▸ **Task objective**
Copy the listing below exactly. Pictures stay out of it.

═════ Information shown ═════

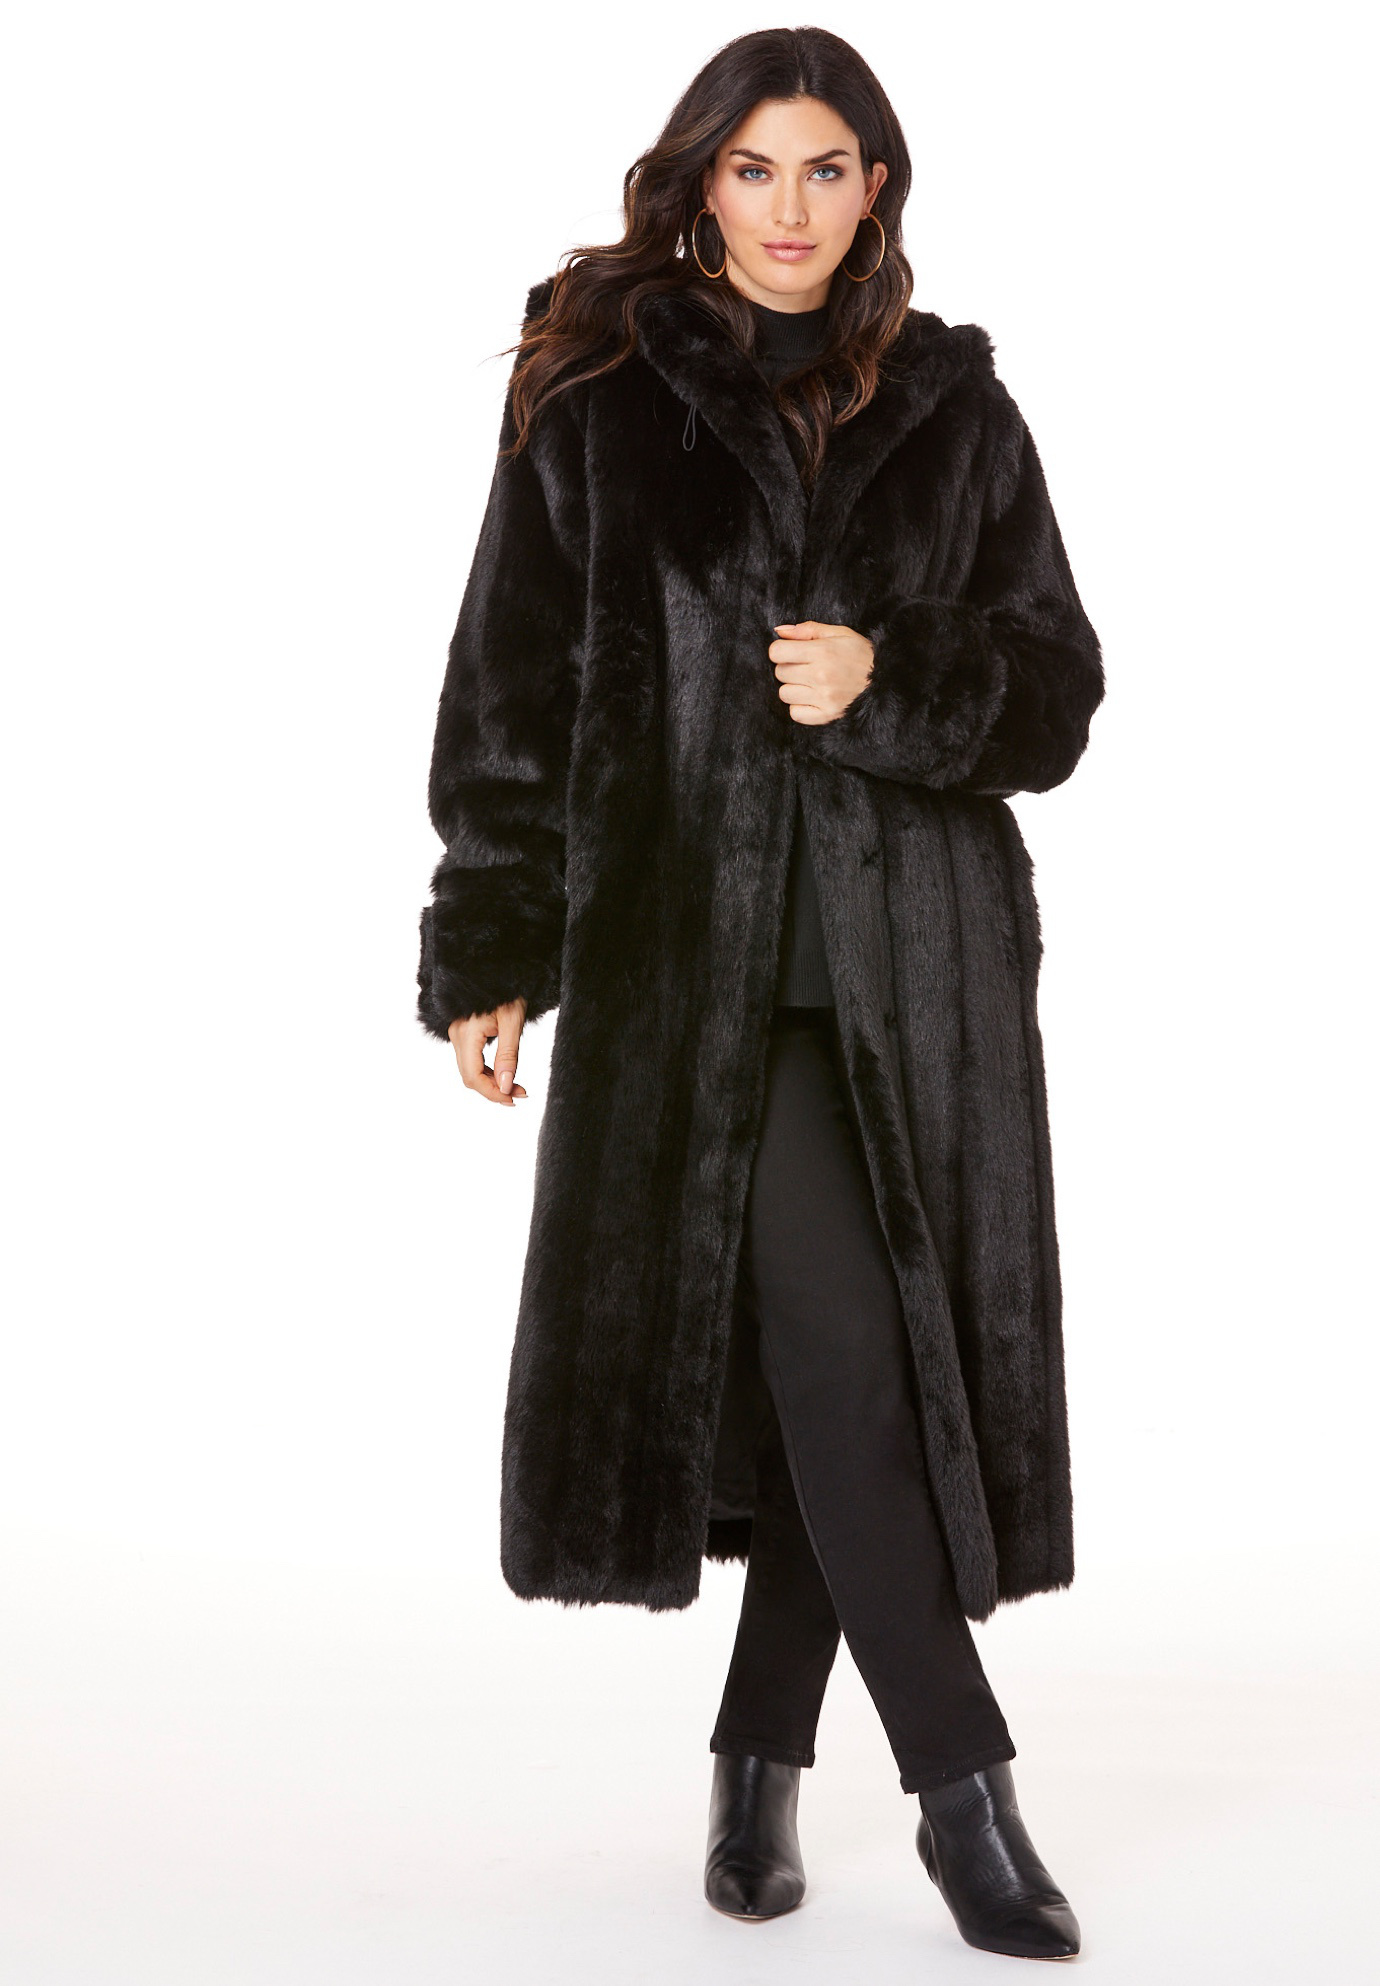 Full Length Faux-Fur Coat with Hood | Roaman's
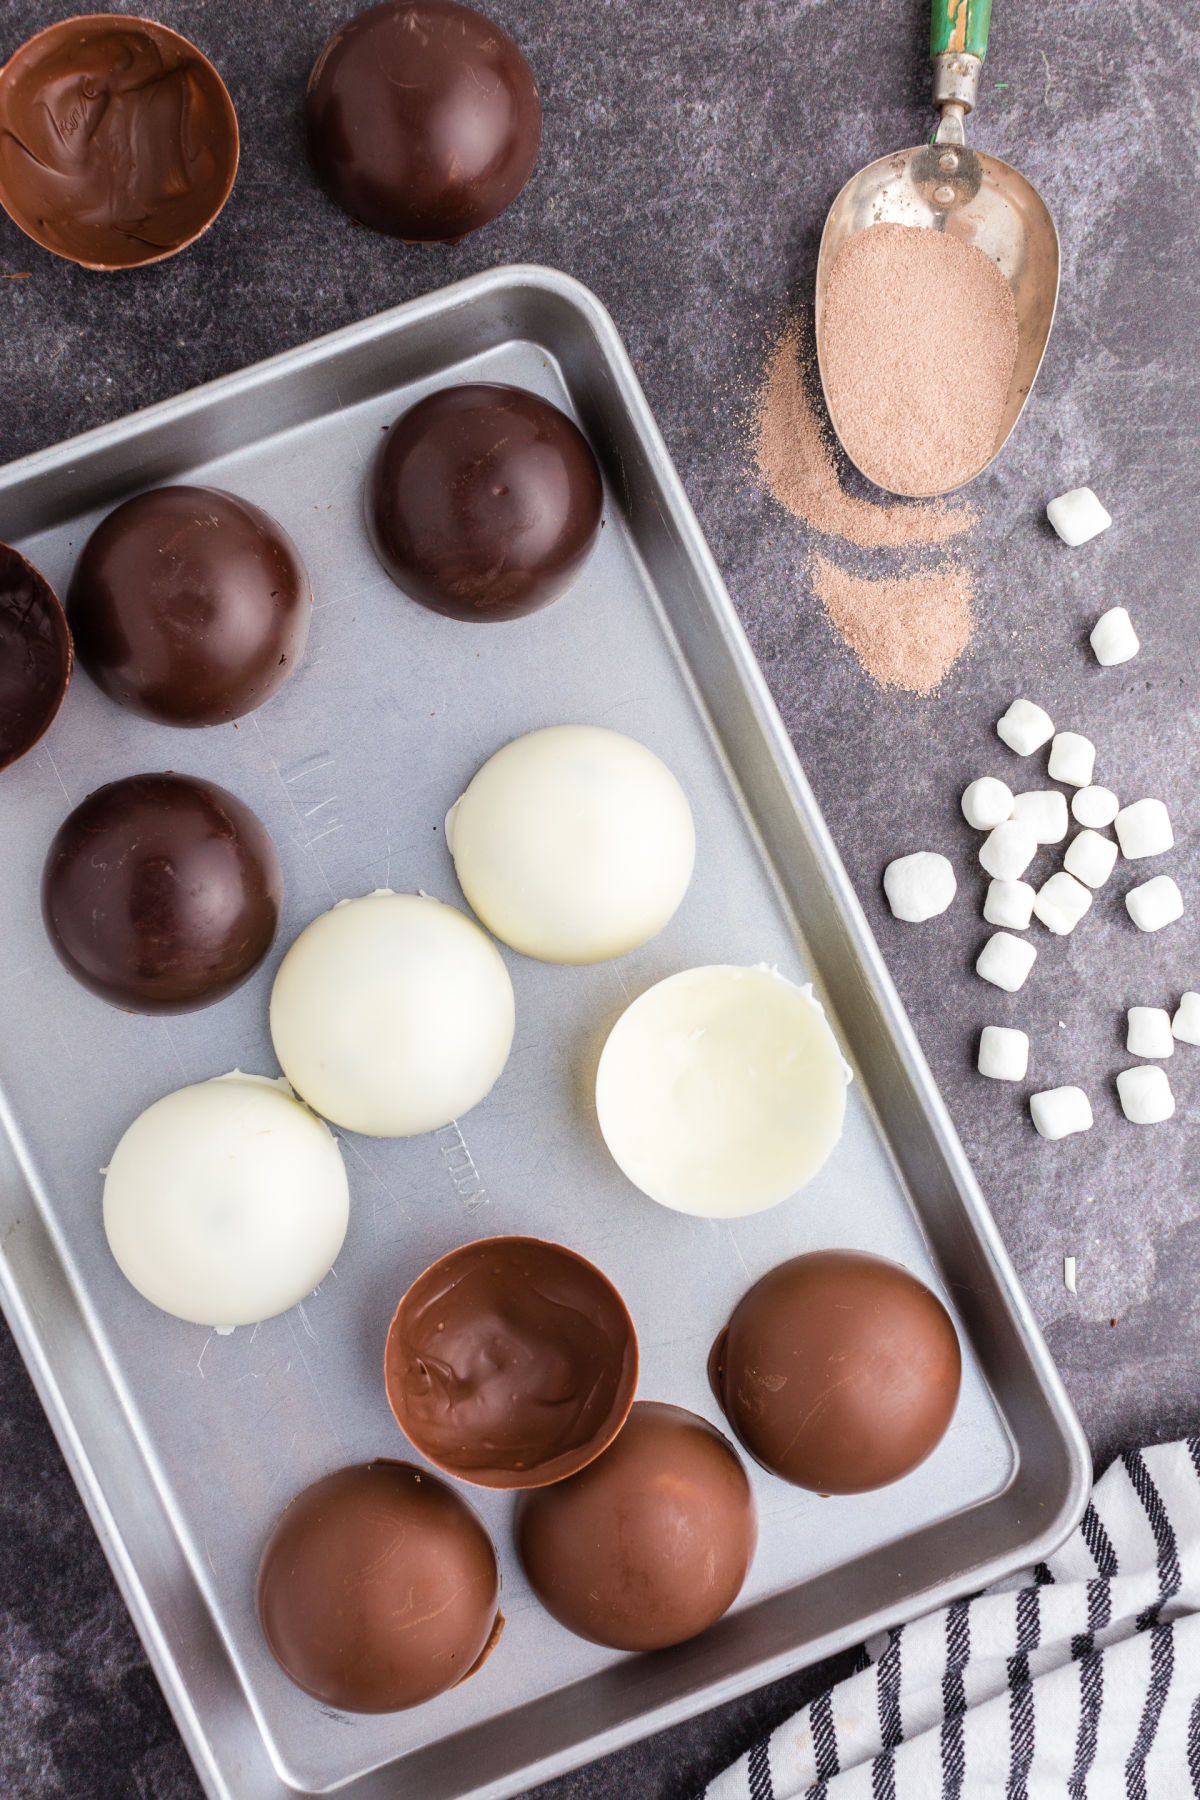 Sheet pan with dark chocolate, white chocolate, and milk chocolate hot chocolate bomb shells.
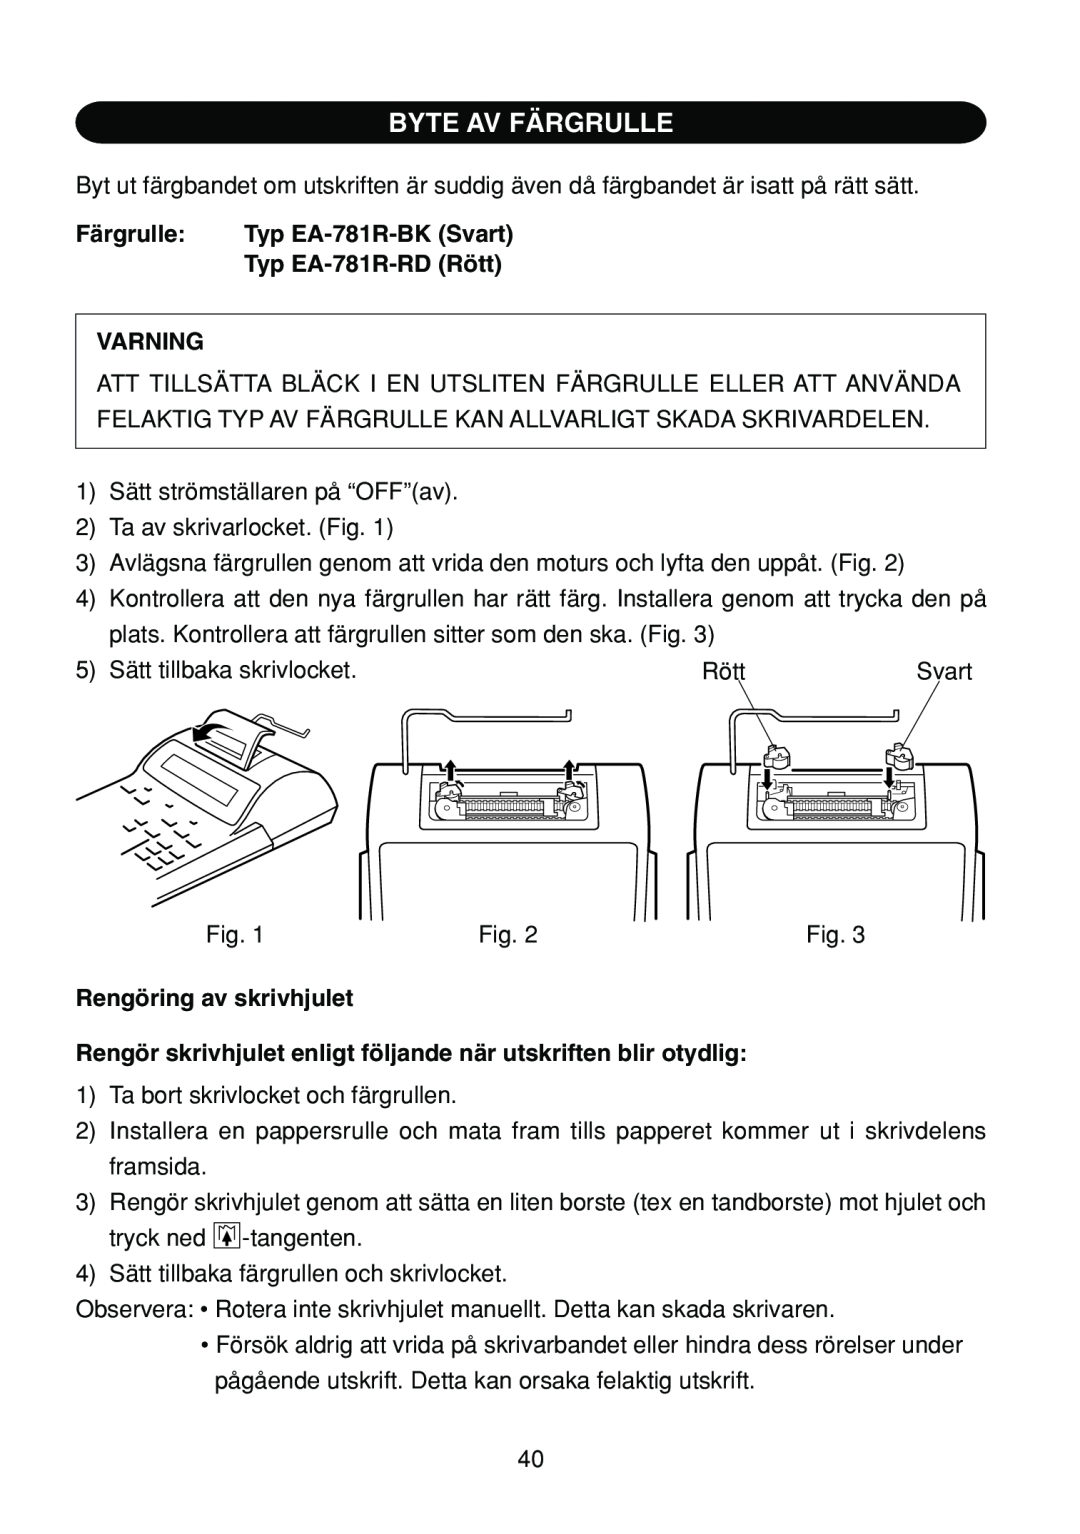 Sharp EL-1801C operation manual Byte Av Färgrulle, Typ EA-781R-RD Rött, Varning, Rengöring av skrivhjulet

═════

▸ **Response to the exercise**
 Full Length Faux-Fur Coat with Hood | Roaman's
 Sheet pan with dark chocolate, white chocolate, and milk chocolate hot chocolate bomb shells.
 Sharp EL-1801C operation manual Byte Av Färgrulle, Typ EA-781R-RD Rött, Varning, Rengöring av skrivhjulet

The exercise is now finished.